The wisdom in Proverbs




Somedays – and maybe even most days lately – happiness has felt elusive. Things that are out of my control have controlled my happiness. I have allowed illnesses, children’s choices, broken cars and broken dreams to break down my joy and destroy my peace. 



Perhaps, the wisdom, the understanding, and the empathy gained in each of these situations is the way to happiness. Life will never be free of heartache, but as we come to see the wisdom of how God has taught us to find joy in the things, the lessons, the understanding He provides, and we allow His peace to be in our lives, we can and will be happy. 



Wednesday, August 3, 2016

The Miracle of a Seed

Almost without thinking, this morning, I bowed my head as I placed my cantaloupe and eggs before me and asked God to help them nourish and strengthen my body. I wouldn’t even categorize my words as a prayer or a blessing. I offered one of those vain repetitions the scriptures caution us to avoid, and I knew better. Obtaining, eating, and enjoying foods that nourish my body has never been a problem, so why do I use those words. It used to be ignorance. But now, I simply allow old habits and laziness to invade my prayers. Yes, my mother – as most moms have done – told me to eat all of my vegetables because there were starving children in Africa. Now, when I take the time to pause and pray over my food, I think about those children, and I realize how blessed I am for not only the abundance of food, but also the variety available and the ease in which it is obtained.
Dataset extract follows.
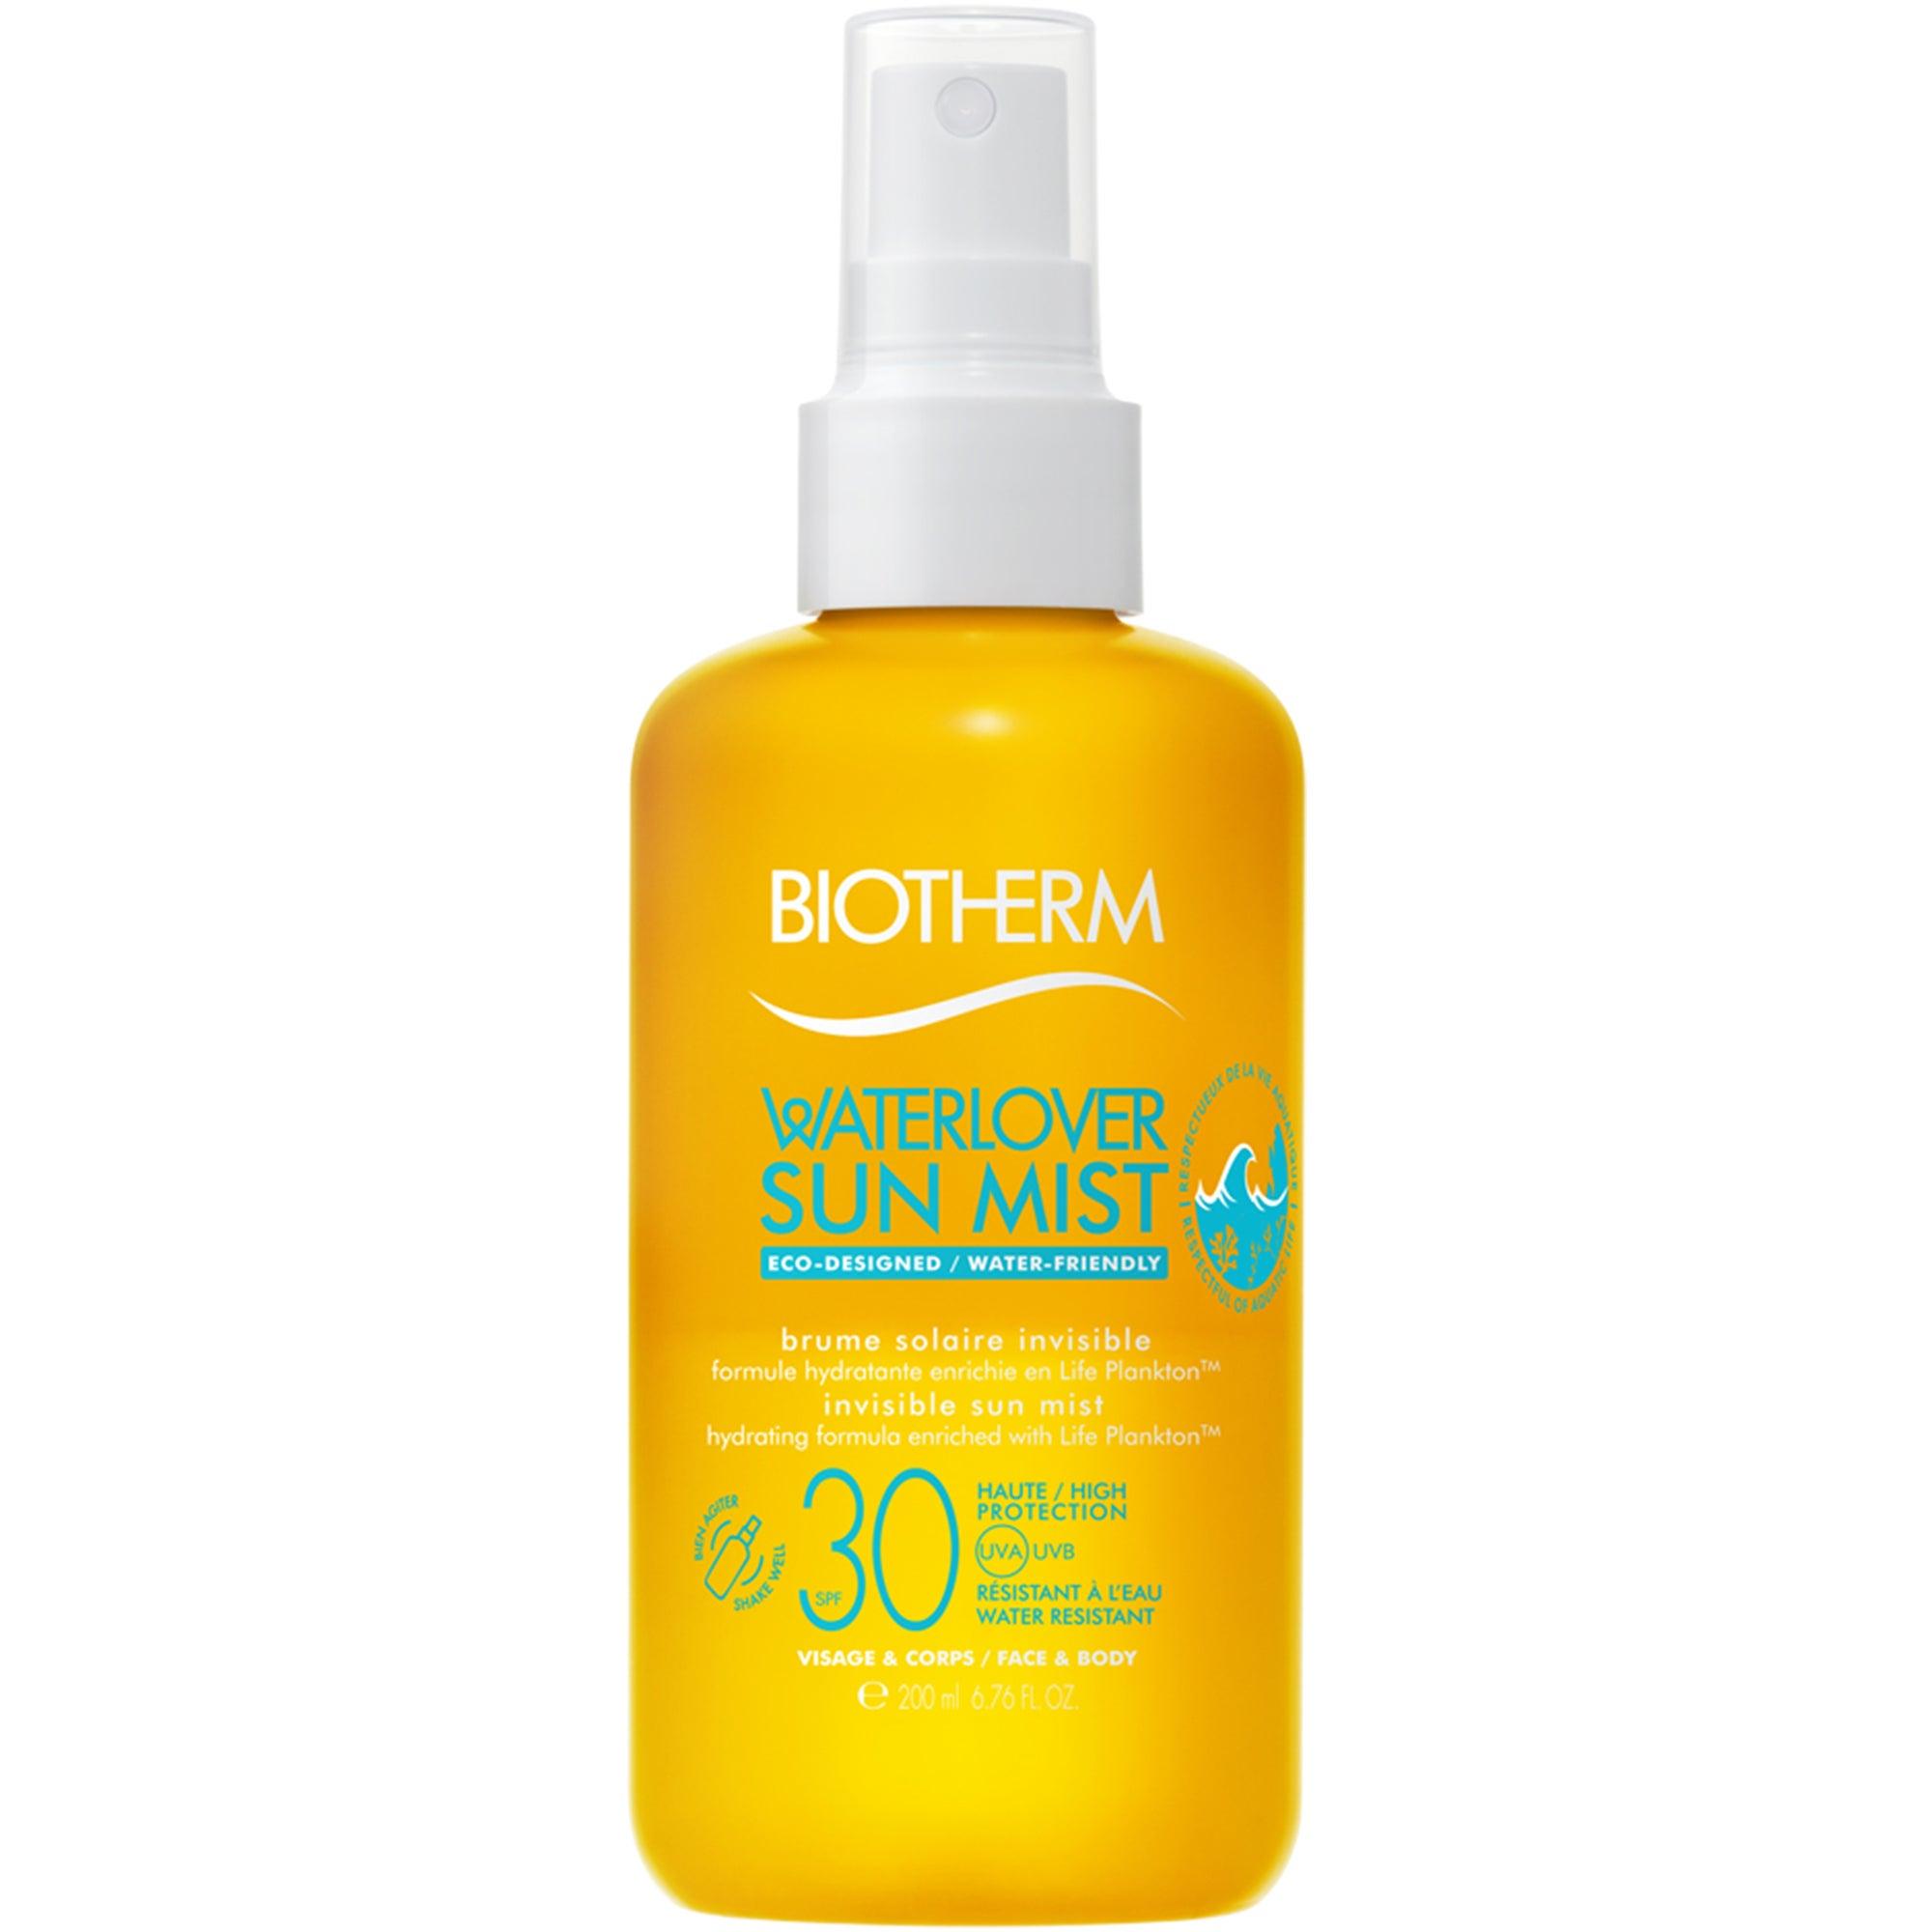 Biotherm Waterlover Sun Mist SPF30 200 ml Biotherm Solkräm
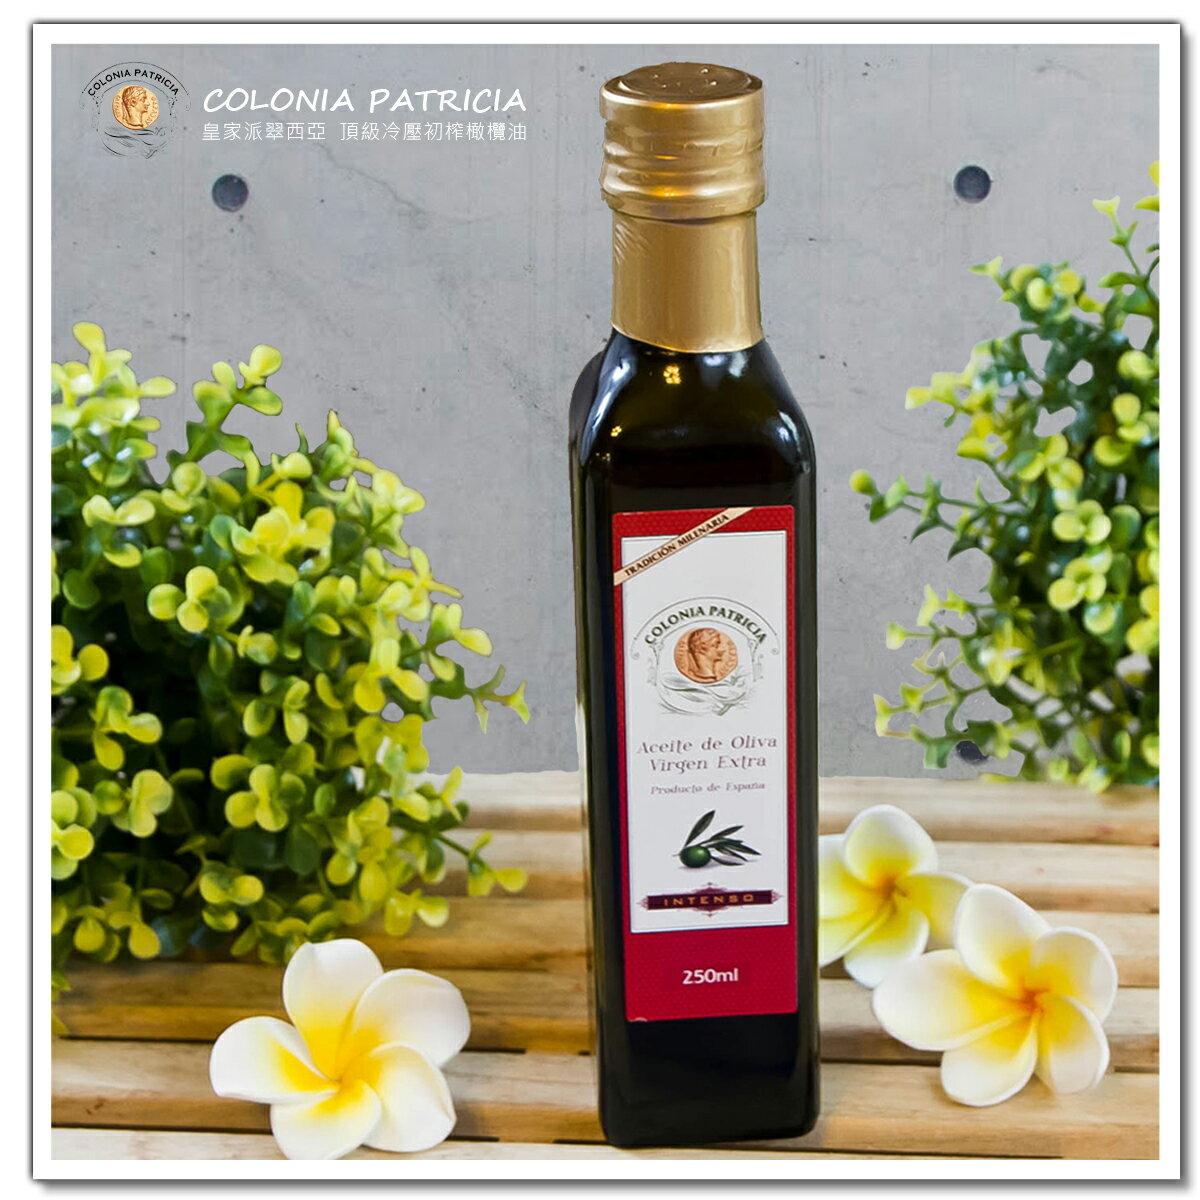 《西班牙皇家派翠西亞100%頂級單品冷壓初榨橄欖油》【250ml單瓶裝含盒】單一品種:Picual 皮夸爾,口感濃郁

So, instead of asking for heath and strength, I think about how I can use that strength to bless others, I express gratitude that I have never experienced real hunger and the food I eat provides nourishment, I think about all the farmers and workers who labor long hours to make my food possible, and I contemplate the beauty of rain, the wonder of the sun, and the miracle of a seed. Perhaps, in a few days, old habits will creep back into my prayers again, but the seed of gratitude has been planted, and I know if nourish it, it will continue to grow.